On Jul 14, 6:31 am, John Fields <jfie...@austininstruments.com> wrote:
> On Thu, 05 Jul 2007 07:32:20 -0700, Keith Dysart
>
> >Since your modulator version has a DC offset applied to
> >the 1e5 signal, some of the 1e6 signal is present in the
> >output, so your spectrum has components at .9e6, 1e6 and
> >1.1e6.
>
> ---
> Yes, of course, and 1e5 as well.

There is no 1e5 if the modulator is a perfect multiplier. A
practical multiplier will leak a small amount of 1e5.

Don't be fooled by the apparent 1e5 in the FFT from your
simulation. This is an artifact. Run the simulation with
a maximum step size of 0.03e-9 and it will completely
disappear. (Well, -165 d.

> >To generate the same signal with the summing version you
> >need to add in some 1e6 along with the .9e6 and 1.1e6.
>
> ---
> That wouldn't be the same signal since .9e6 and 1.1e6 wouldn't have
> been created by heterodyning and wouldn't be sidebands at all.

It does not matter how the .9e6, 1.0e6 and 1.1e6 are put into
the resulting signal.
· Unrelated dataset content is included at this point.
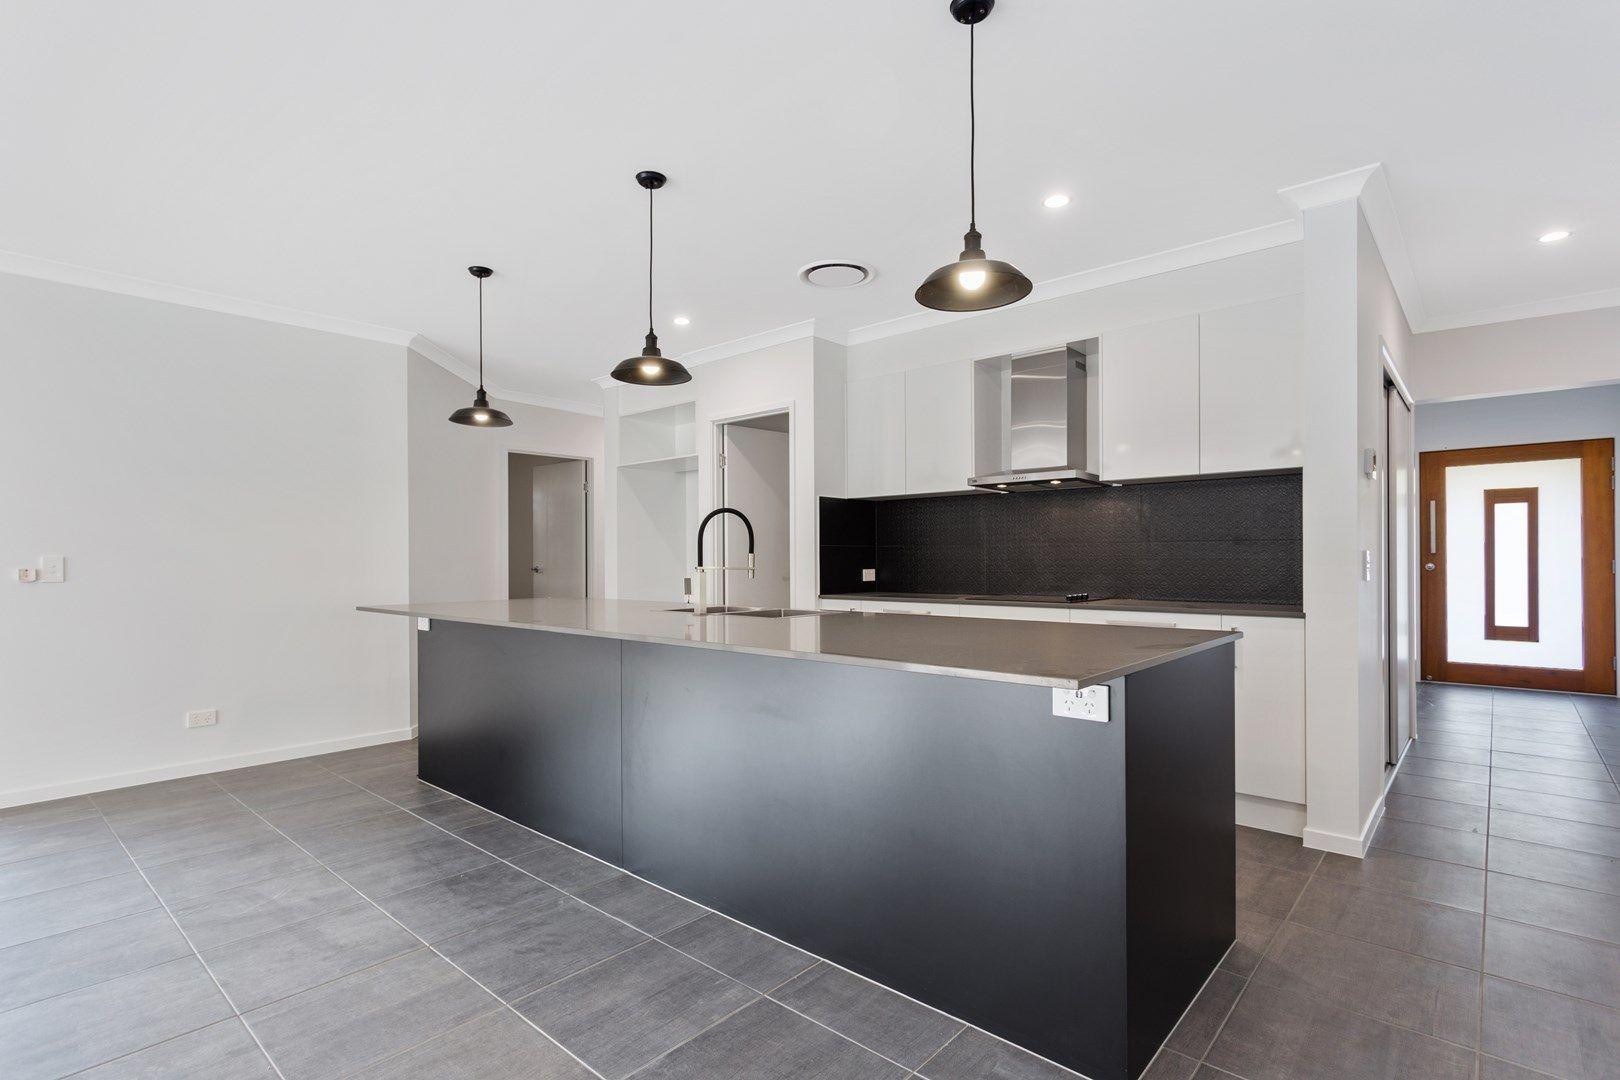 Lot 7 Cedarwood Place, Landsborough QLD 4550, Image 0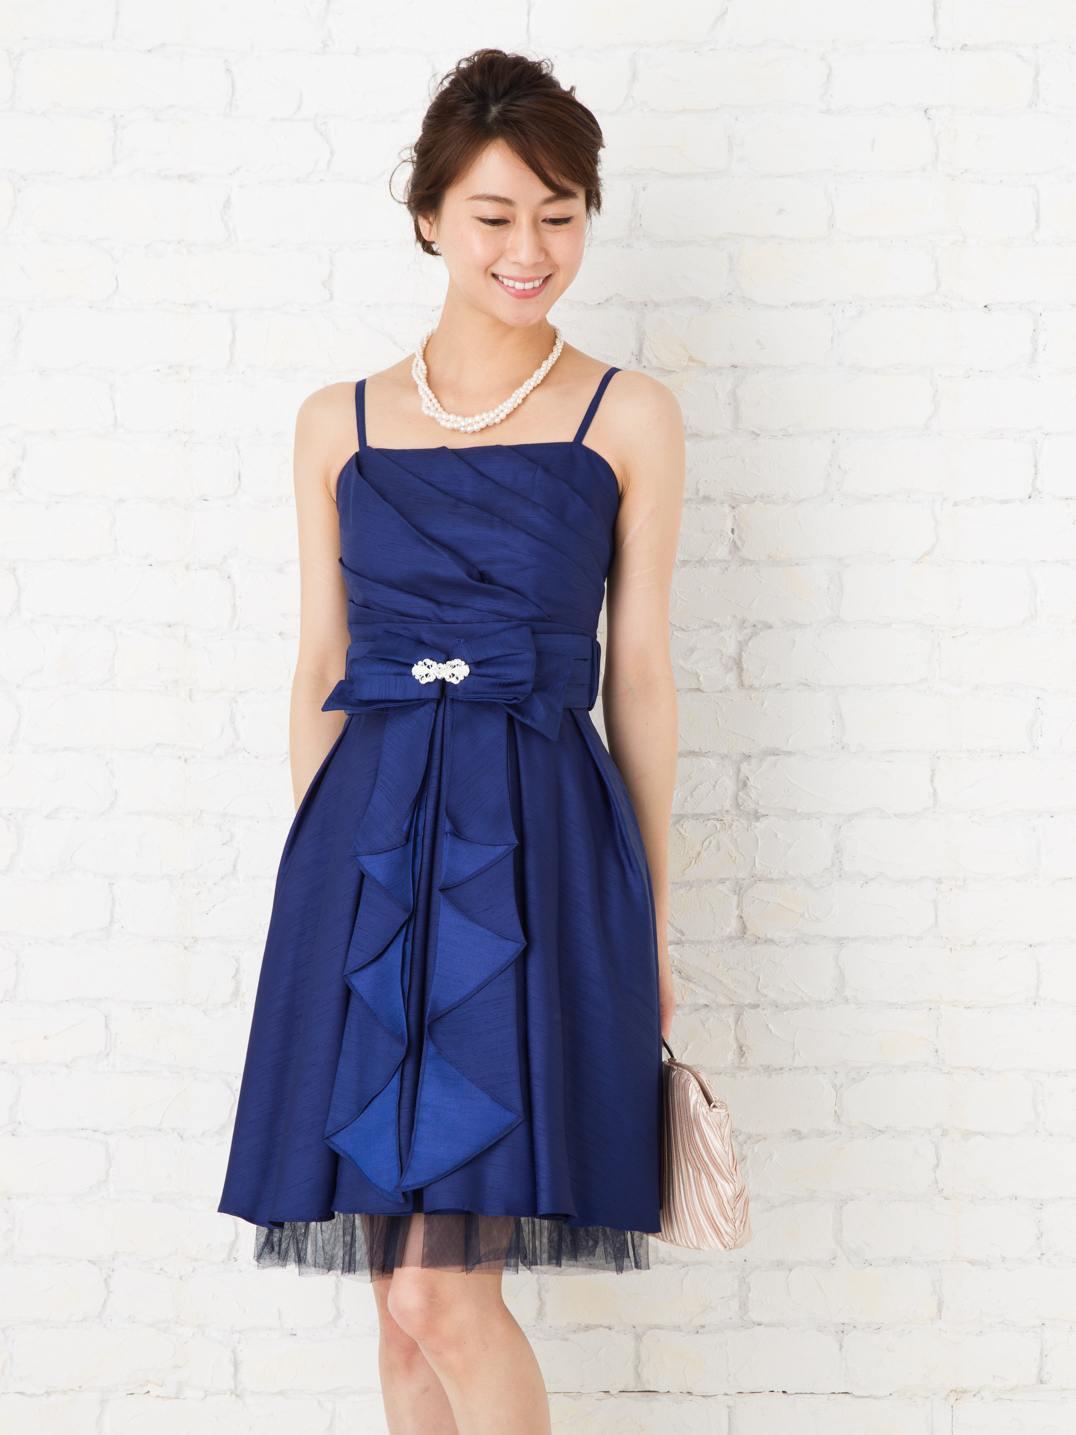 RYK ドレス / Mサイズ (DOC0010)

One can multiply 1e6 by 1e5 with a DC
offset, or one can add .9e6, 1.0e6 and 1.1e6. The resulting
signal is identical.

This can be seen from the mathematical expression
0.5 * (cos(a+b) + cos(a-b)) + cos(a)
= (1 + cos(b)) * cos(a)

Note that cos(b) is not prsent in the spectrum, only a,
a+b and a-b are there. And a will go away if the DC offset
is removed.

> >The results will be identical and the results of summing
> >will be quite detectable using an envelope detector just
> >as they would be from the modulator version.
>
> ---
> The results would certainly _not_ be identical, since the 0.9e6

To clearly see the equivalency, in the summing version of the
circuit, add in the 1.0e6 signal as well. The resulting
signal will be identical to the one from the multiplier
version.

(You can improve the fidelity of the resulting summed version
by eliminating the op-amp. Just use three resistors. The op-amp
messes up the signal quite a bit.)

If you have access to Excel, you might try the spreadsheet
available here (http://keith.dysart.googlepages.com/radio5).
It plots the results of adding and multiplying, and lets
you play with the frequencies and phases.

....Keith

Ron Baker, Pluralitas! wrote:
> Hein ten Horn wrote:
>> Ron Baker, Pluralitas! wrote:
>>> Hein ten Horn wrote:

>>>> As a matter of fact the resulting force (the resultant) is
>>>> fully determining the change of the velocity (vector) of
>>>> the element.
>>>> The resulting force on our element is changing at the
>>>> frequency of 222 Hz, so the matter is vibrating at the
>>>> one and only 222 Hz.
>>>
>>> Your idea of frequency is informal and leaves out
>>> essential aspects of how physical systems work.
>>
>> Nonsense. Mechanical oscillations are fully determined by
>> forces acting on the vibrating mass. Both mass and resulting force
>> determine the frequency. It's just a matter of applying the laws of
>> physics.
>
> You don't know the laws of physics or how to apply them.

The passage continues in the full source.